5 When a Respondent defaults the general rule is that a pleaded but unsupported allegation is not deemed admitted. See WIPO Overview 2.0, paragraph 4.6 ("There are many examples of cases (typically involving complaints based on wholly unsupported assertions or mere conclusory statements) to which there has been no response where (not withstanding such respondent default) the decision has nonetheless gone in favor of the respondent on grounds that the complainant has failed to prove its case.") I fail to see why things should be different when a response is filed.
6 Then again it might not be, given that Respondent had no reason to know of the existence of Complainant or its marks.
7 Complainant did not seek US registration of its marks until 2012, and its application met the same fate as the earlier third party application – denial for descriptiveness. And the Complaint relies only on Complainant’s rights in Brazil and its unsupported assertion that Respondent “must have known” of them.
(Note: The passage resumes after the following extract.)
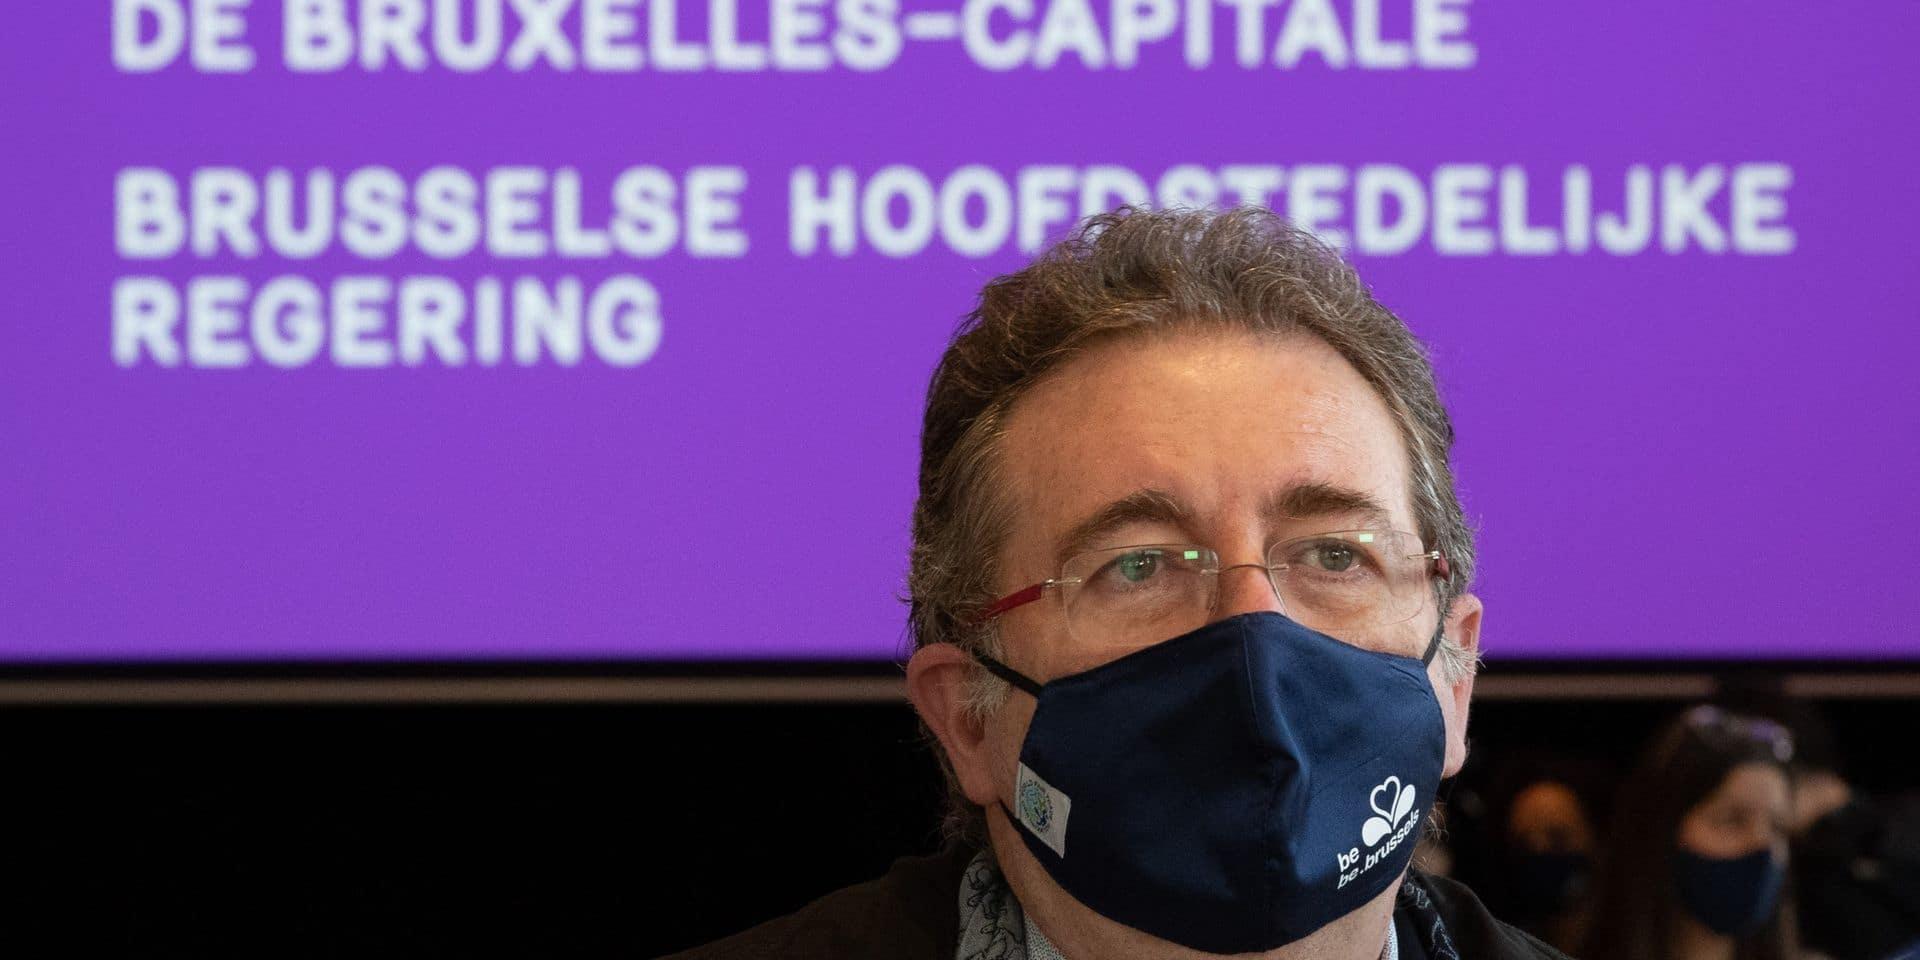 La majorité soutient le projet de taxation kilométrique du gouvernement Vervoort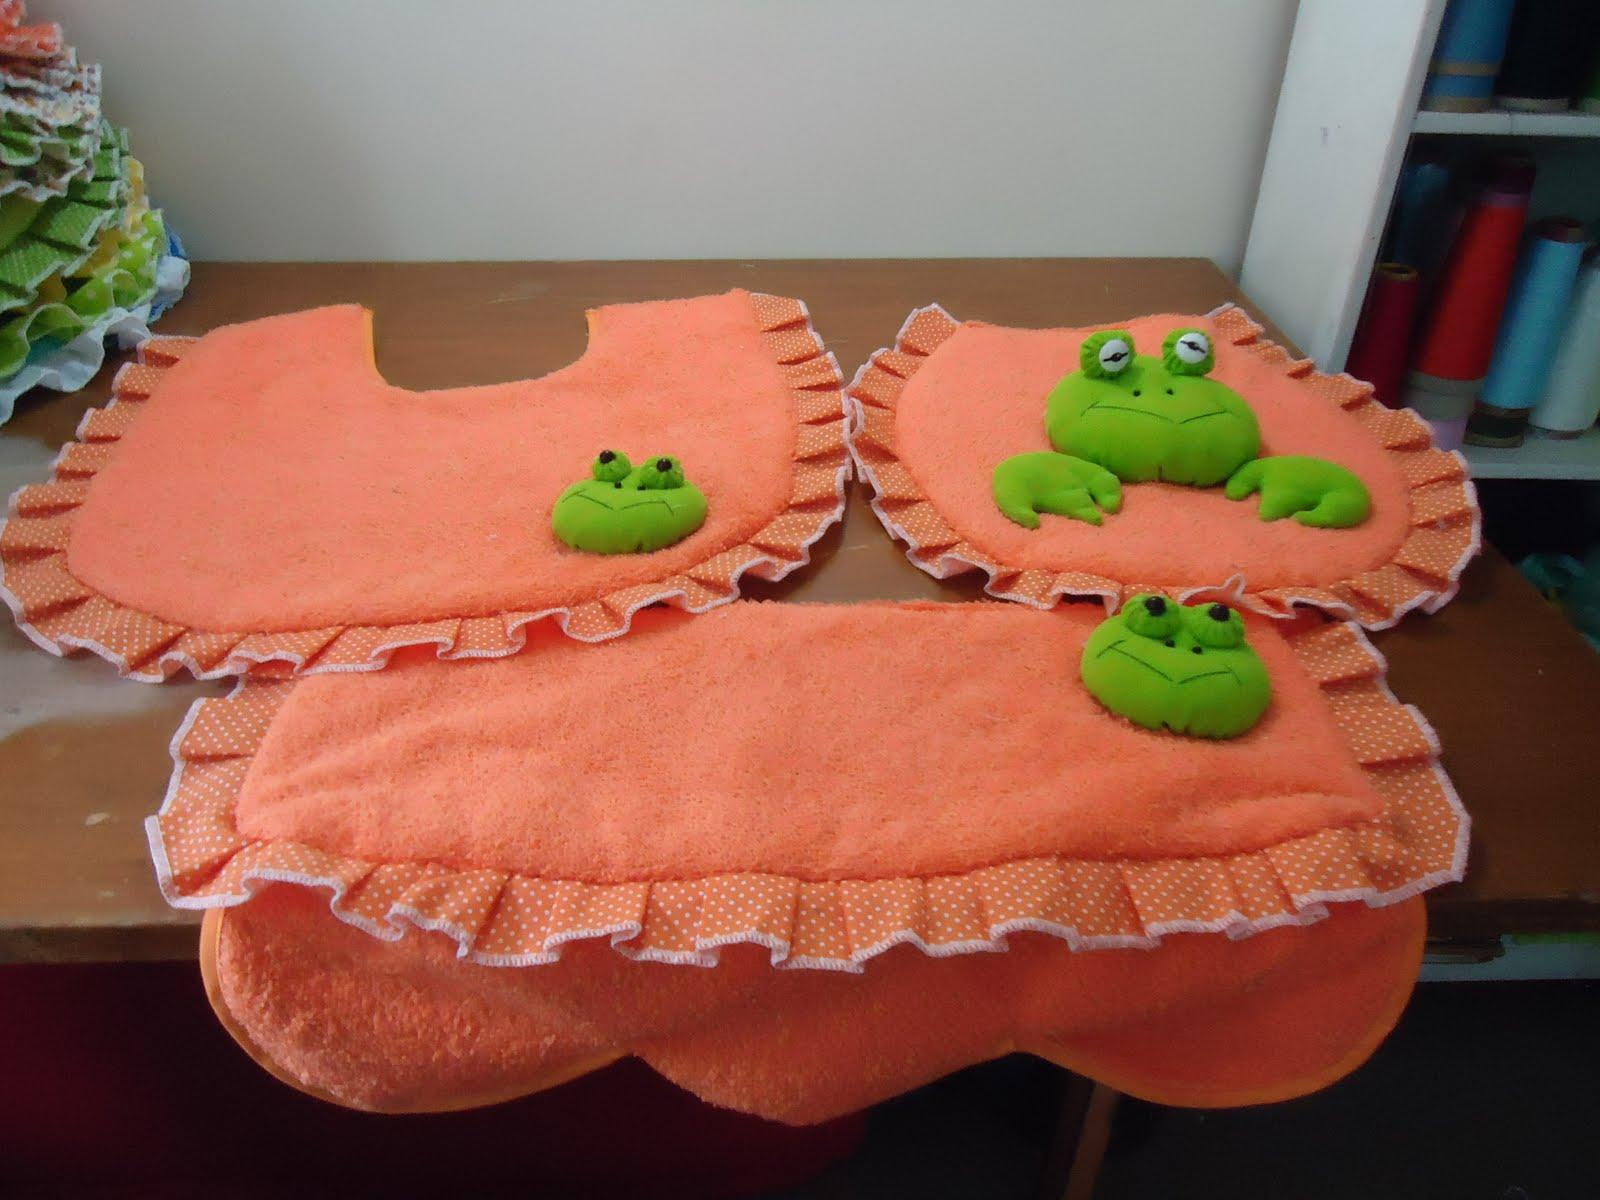 Imagenes Juegos De Baño Lenceria:Confección de Lenceria: Mis productos

8 The three-member panel in IMB Textil S.A. v. Domain Administrator, Name Administration Inc. (BVI), WIPO Case No. D2014-1057, found a lawyer's list instead of the marks themselves to be inadequate.
9 The three-member panel in The Teaching Company, LLC d/b/a The Great Courses v. Worldwide Media Inc, WIPO Case No. D2014-0457, and The Teaching Company, LLC, d/b/a The Great Courses v. Brendhan Hight, Marchex Sales, LLC, WIPO Case No. D2014-0448, reprimanded the complainant in those cases for this tactic.